Finn's frequent collaborators included librettist James Lapine, director Graciela Daniele and singers/actors Stephen Bogardus, Carolee Carmello, Stephen DeRosa, Alison Fraser, Keith Byron Kirk, Norm Lewis, Michael Rupert, Mary Testa, Christian Borle, and Chip Zien.

Finn was one of a selected few composers who contributed to the song cycle Stars of David which premiered in October 2012 at the Philadelphia Theatre Company. It is based on the Abigail Pogrebin's book Stars of David: Prominent Jews Talk About Being Jewish and starred Nancy Balbirer, Alex Brightman, Joanna Glushak, Brad Oscar, and Donna Vivino. Finn also contributed to the Off-Broadway musical Mama & her Boys.

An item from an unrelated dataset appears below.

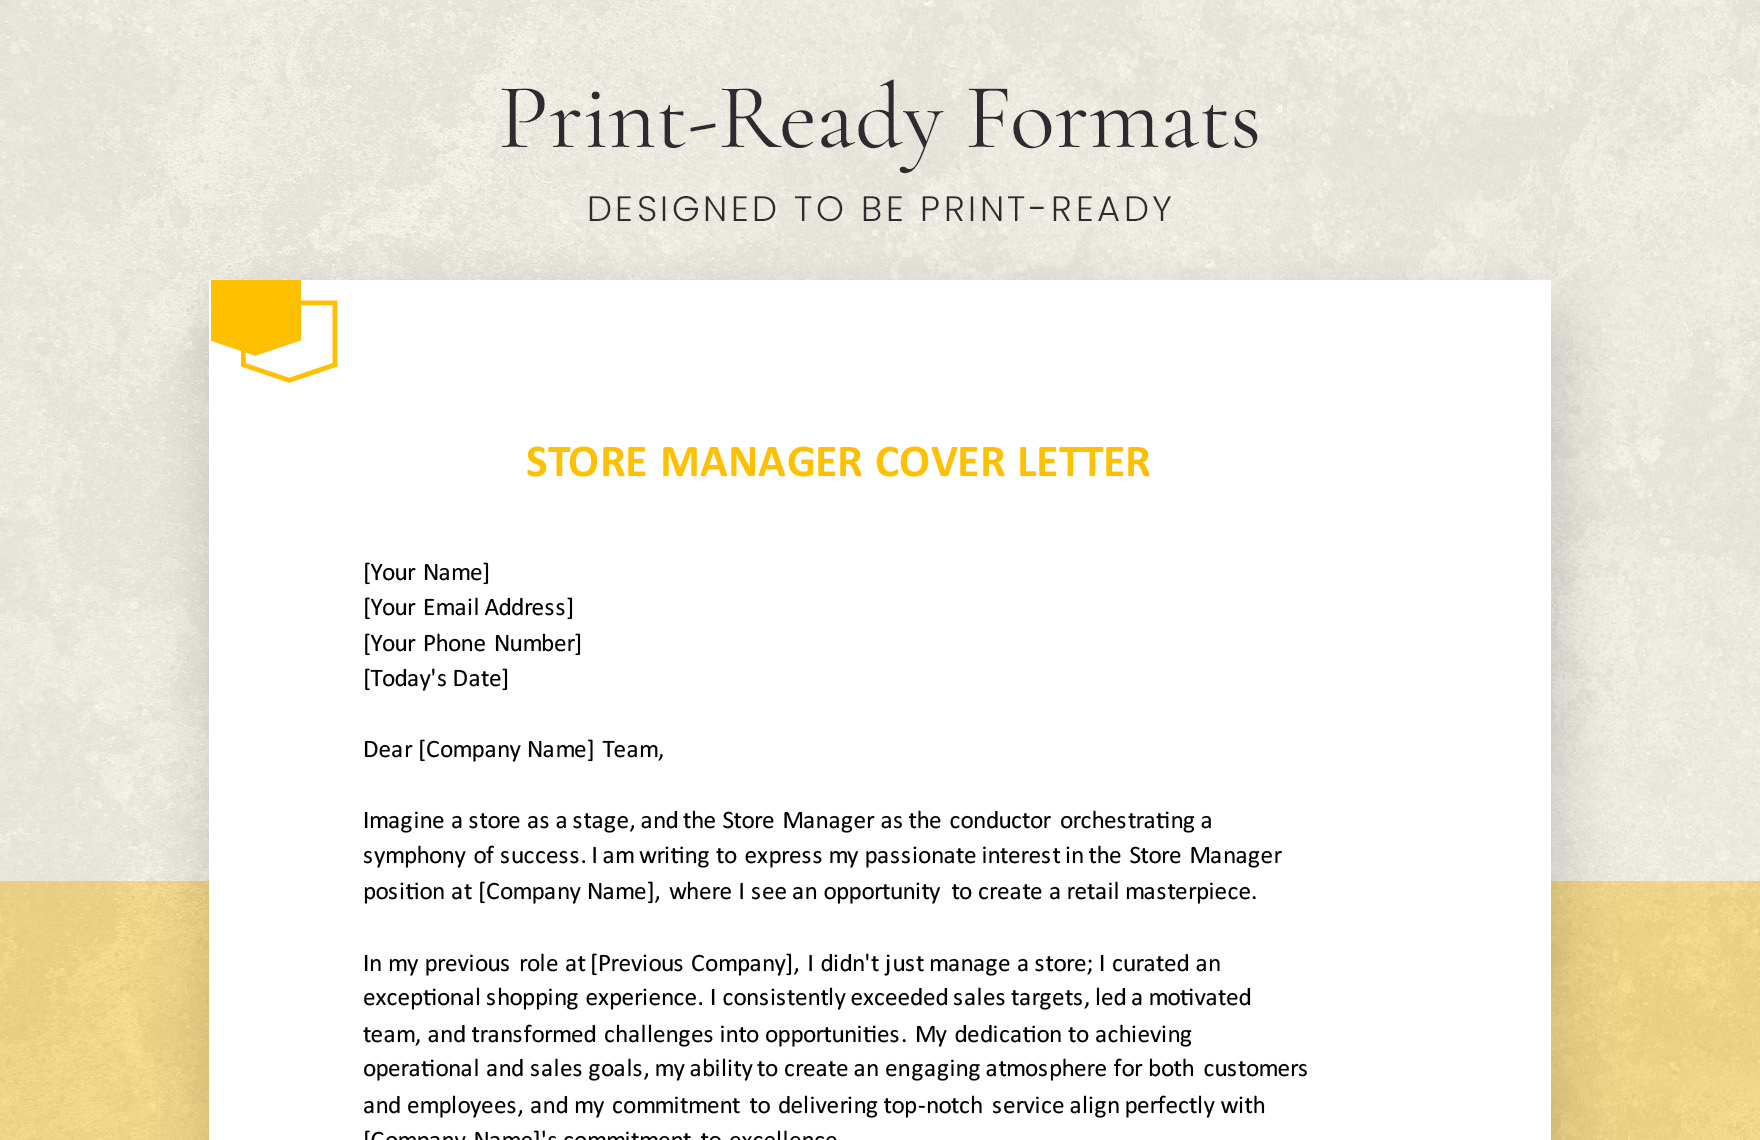 Store Manager Cover Letter

His long-in-development show, The Royal Family of Broadway, with a book by Richard Greenberg, is based on the play by George S. Kaufman and Edna Ferber, which tells the story of a girl from a family of great Broadway actors who contemplates leaving show business and getting married. It apparently had been shelved according to Finn's personal notes for Make Me a Song, Playbill magazine and an article from 2006. Notwithstanding, it saw its first full production in 2018 at the Barrington Stage Company with Putnam librettist Rachel Sheinkin penning the book.

==Personal life and death ==
Finn was gay, and lived with his life partner, Arthur Salvadore, in New York City and Pittsfield, Massachusetts.

Finn was a member of the NYU Tisch Graduate Program in Musical Theater Writing faculty. He was the co-founder and artistic producer of the Musical Theatre Lab at the Barrington Stage Company in Pittsfield, Massachusetts, established in 2006.

===Illness and death===
In 1992, Finn suffered deteriorating vision, dizziness and partial paralysis and was rushed to the hospital. He had arteriovenous malformation, or AVM, in his brain stem. In September 1992, he had Gamma Knife surgery, which obliterated the AVM. After the surgery, Finn experienced a year of humble serenity and constantly felt like he had a "new brain." Finn's 1998 musical A New Brain is based on his experience with AVM and his subsequent successful surgery.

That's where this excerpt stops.